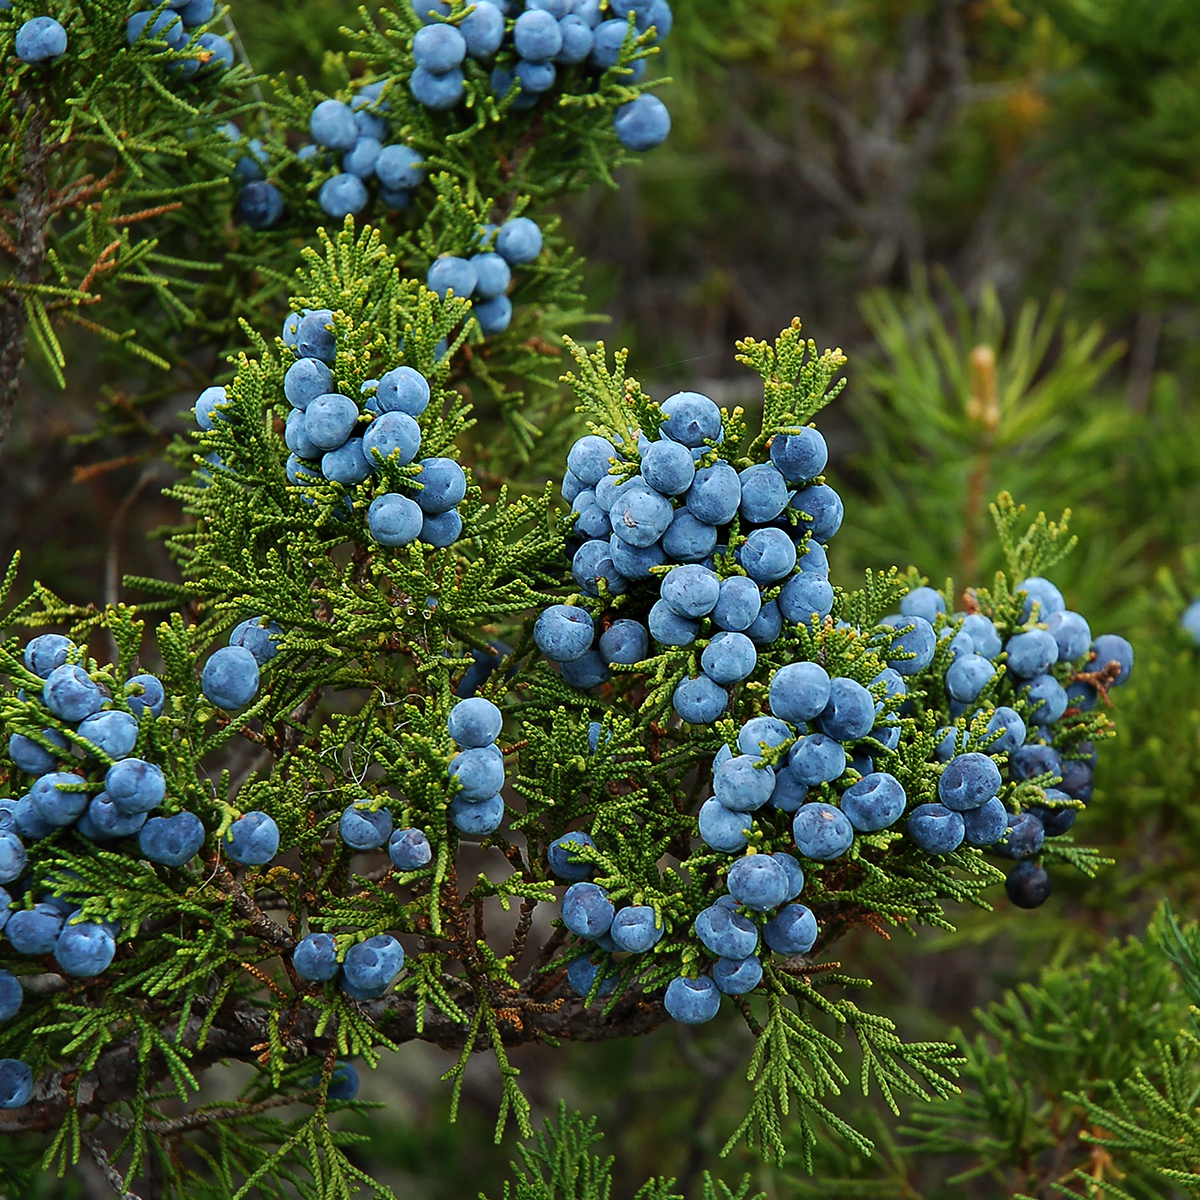 Juniper berries.
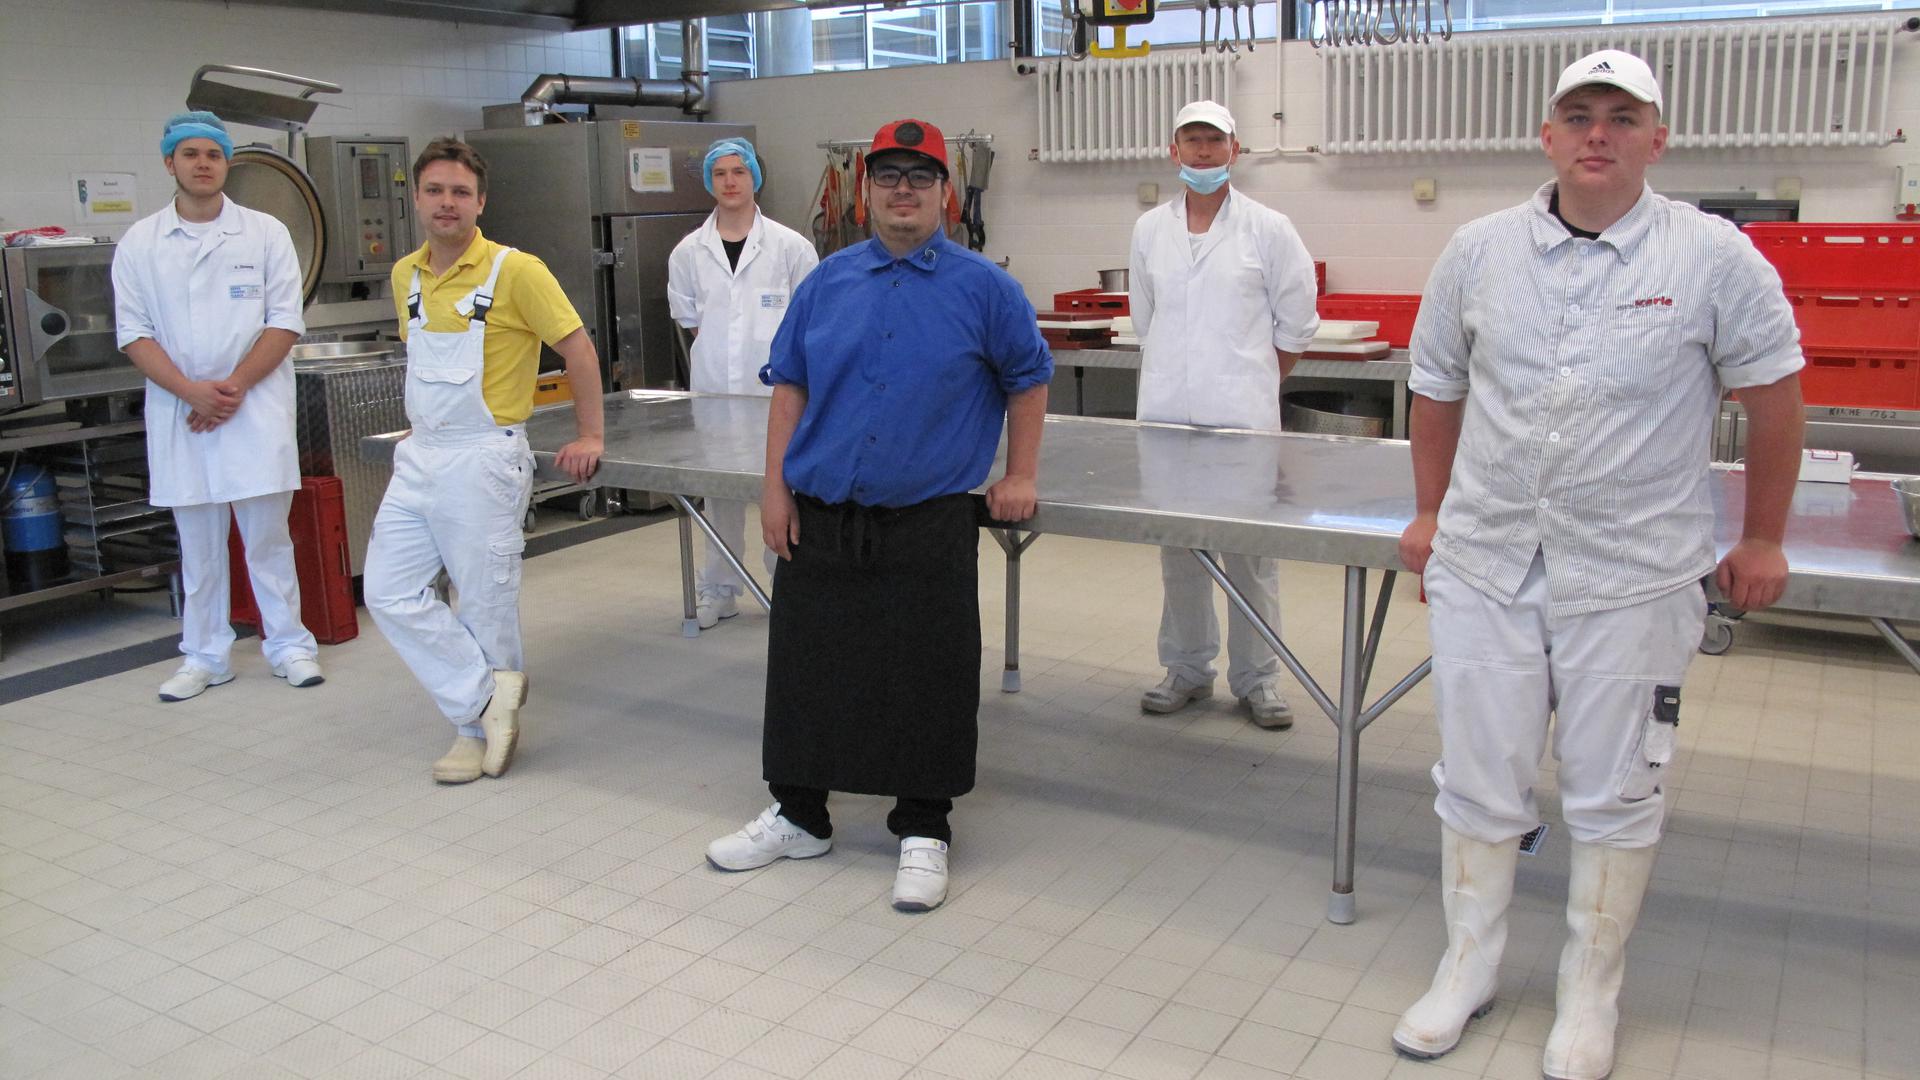 Klassenfoto in der Wurstküche: Metzgerlehrlinge an der Gewerbeschule Durlach.
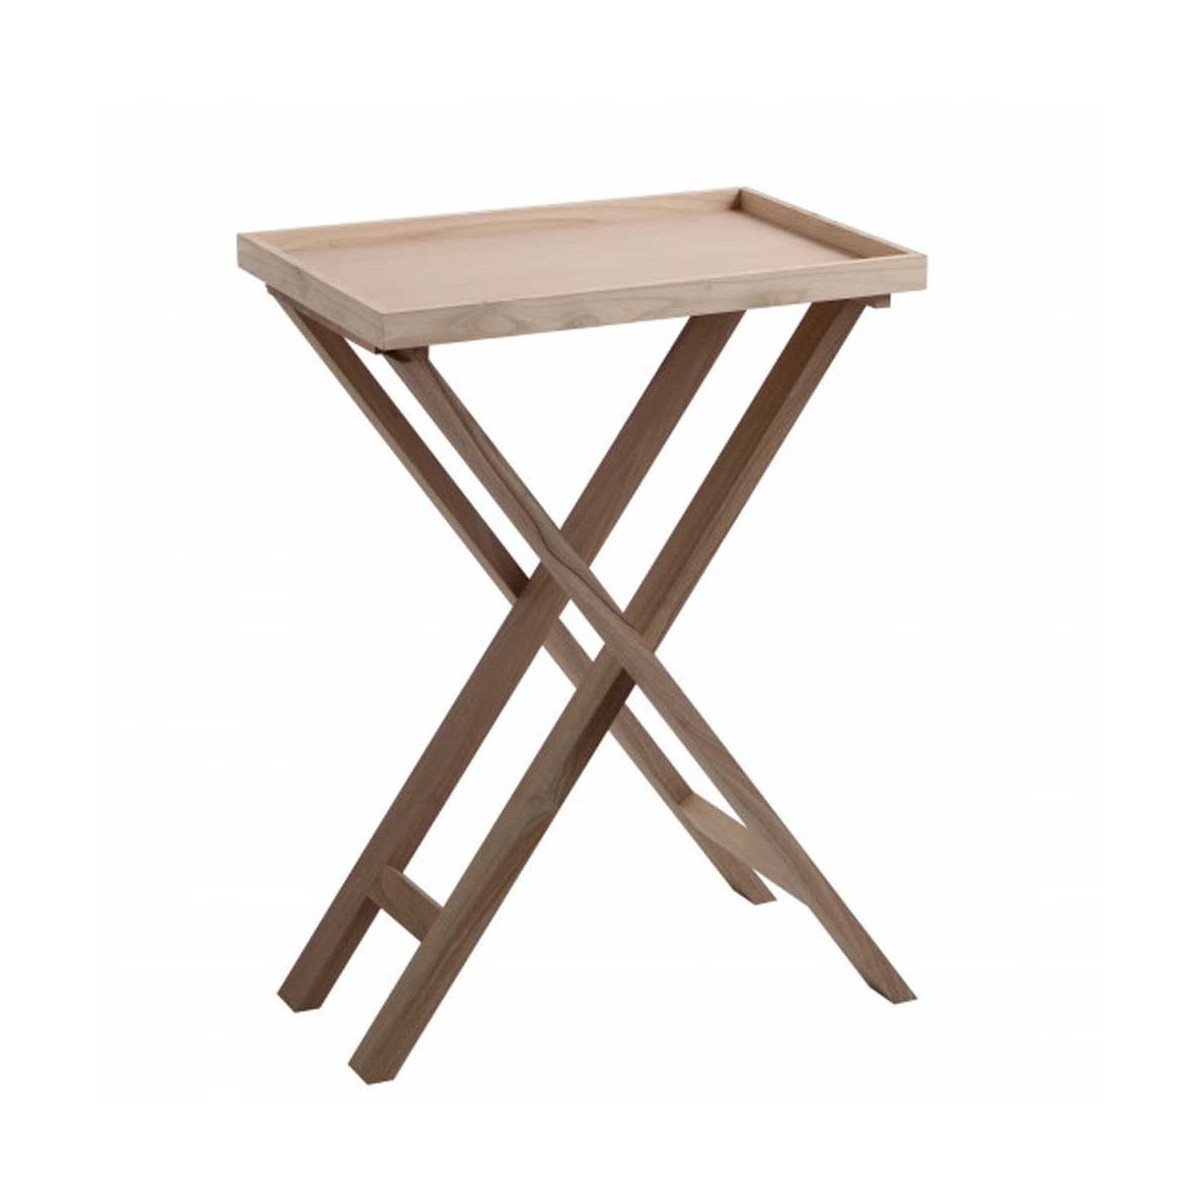  Tavolino in legno con gambe incrociate e bordo contenitore
————
#### Exercise description
Full transcription of the material, exact in every line, without images.

#### Response area
 Juniper berries.
 Klassenfoto in der Wurstküche: Metzgerlehrlinge an der Gewerbeschule Durlach.
  Tavolino in legno con gambe incrociate e bordo contenitore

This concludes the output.